The latter value can be computed in an \(O(1)\) time. The latter costs at worst \(O(N^2)\) time for \(D=1\), which makes it difficult to finish computing within the execution time limit of two seconds. However, there are several tricks to finish it in a total of \(O(N)\) time.

1. using cumulative sums

We precompute \(S_j=\displaystyle\sum_{i=1}^{j} F'_i\).
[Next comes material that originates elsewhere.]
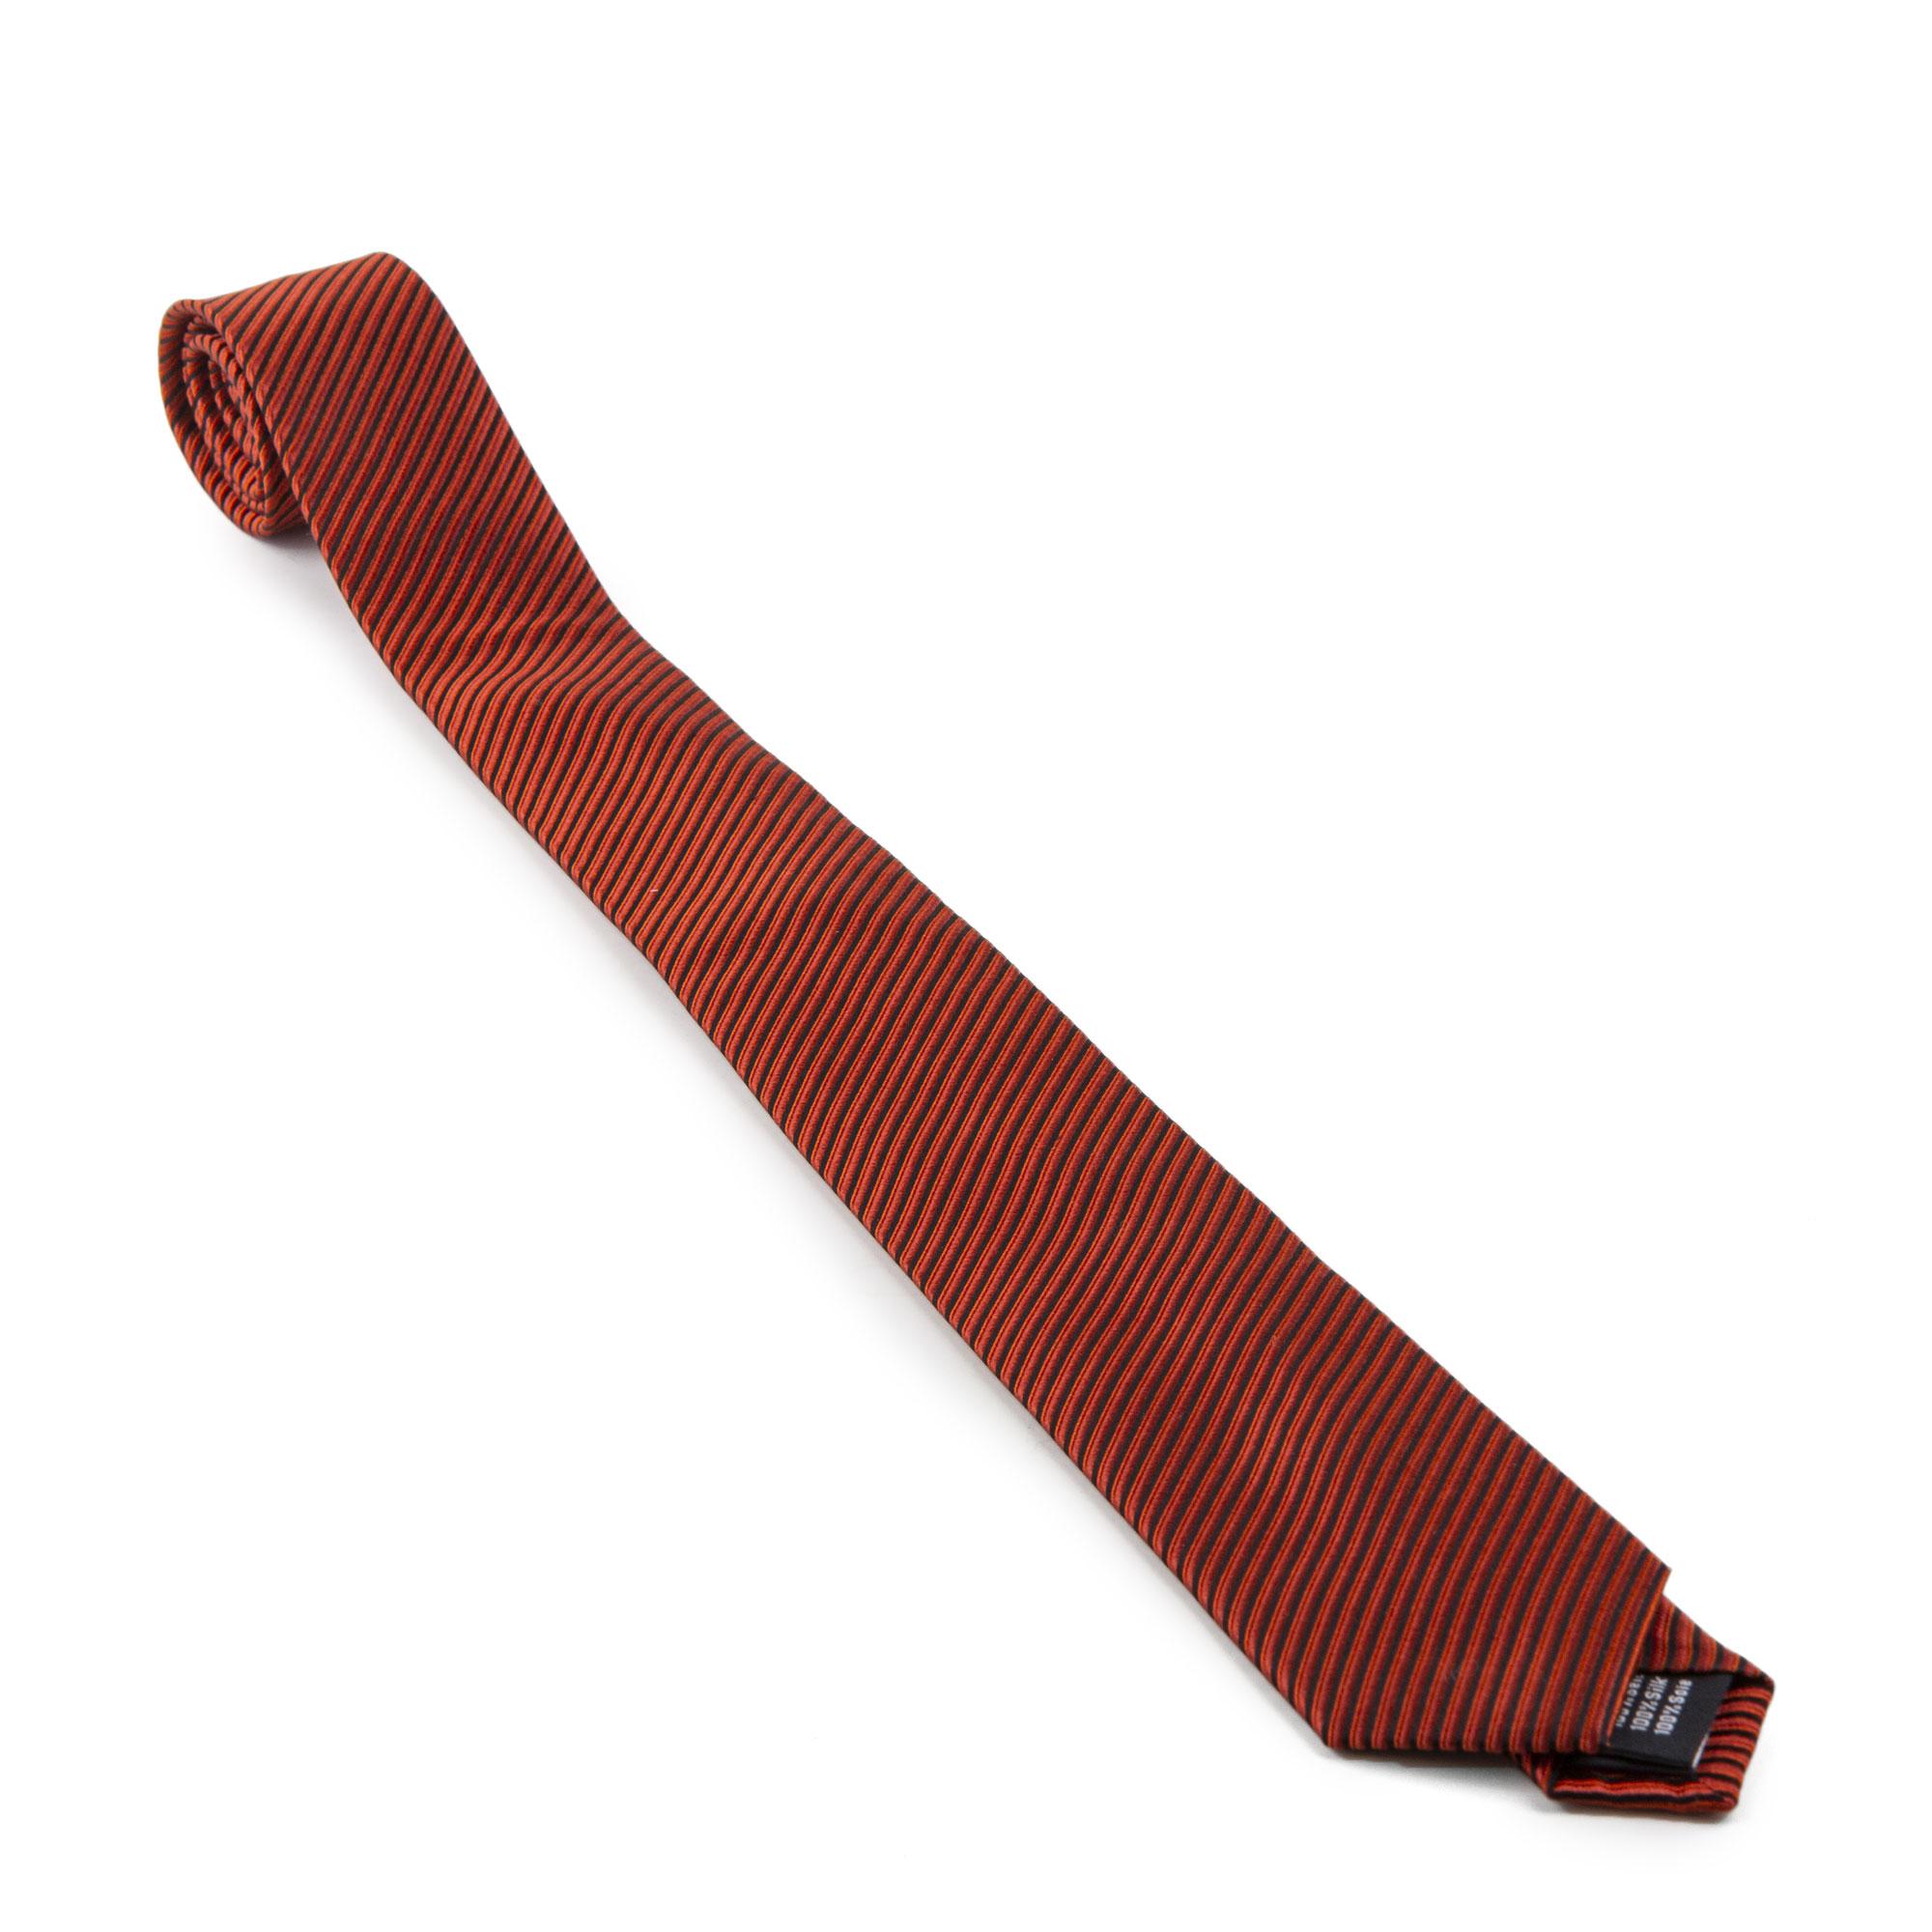 6b3f514280fc3 CASAMODA Cravate Homme CASAMODA VENTI Optez pour cette cravate 100% soie  satinée pour homme de qualité Casamoda à rayures oranges, noir et marrons .

They can be found by \(S_1=F'_1\), \(S_{i+1}=S_i+F'_{i+1}\) \((i=1,2,\ldots N-1)\) time, so the sought value is found as \(kP+\displaystyle\sum_{i=1}^{N-kD} F'_i=kP+S_{N-kD}\).
Both finding \(S_1,S_2,\ldots,S_N\) and using them to compute \(kP+\displaystyle\sum_{i=1}^{N-kD} F'_i\) costs \(O(1)\) time each, so the total complexity is \(O(N)\).

2. finding \(kP+\displaystyle\sum_{i=1}^{N-kD} F'_i\) successively

Let \(C_k=kP+\displaystyle\sum_{i=1}^{N-kD} F'_i\); then we find \(C_{k+1}=C_k+P-\displaystyle\sum_{i=N-(k+1)D+1}^{N-kD} F'_i\).
The complexity is \(O(N)\) to find \(C_0\) and \(O(k)\) to find \(C_{i+1}\) from \(C_i\), for a total of \(O(N)\).

Once we find the candidates for the minimum values, all that left is to print the minimum among them.

Sorting \((F_1,F_2,\ldots,F_N)\) costs \(O(N\log N)\) time, and enumerating the candidates costs \(O(N)\), so the overall complexity is \(O(N\log N)\), which is fast enough to solve this problem.

Sample code in C++:

#include <bits/stdc++.h>
using namespace std;

int main() {
  int n,d,k;
  long long p;
  cin>>n>>d>>p;

  vector<long long>f(n),s(n);
  for(int i=0;i<n;i++)cin>>f[i];
  
  sort(f.begin(),f.end());
  s[0]=f[0];
  for(int i=0;i<n-1;i++)s[i+1]=s[i]+f[i+1];

  k=(n+d-1)/d;
  long long ans=p*k;
  for(int i=0;i<k;i++){
    ans=min(ans,s[n-1-(i*d)]+(p*i));
  }

  cout<<ans<<endl;
	return 0;
}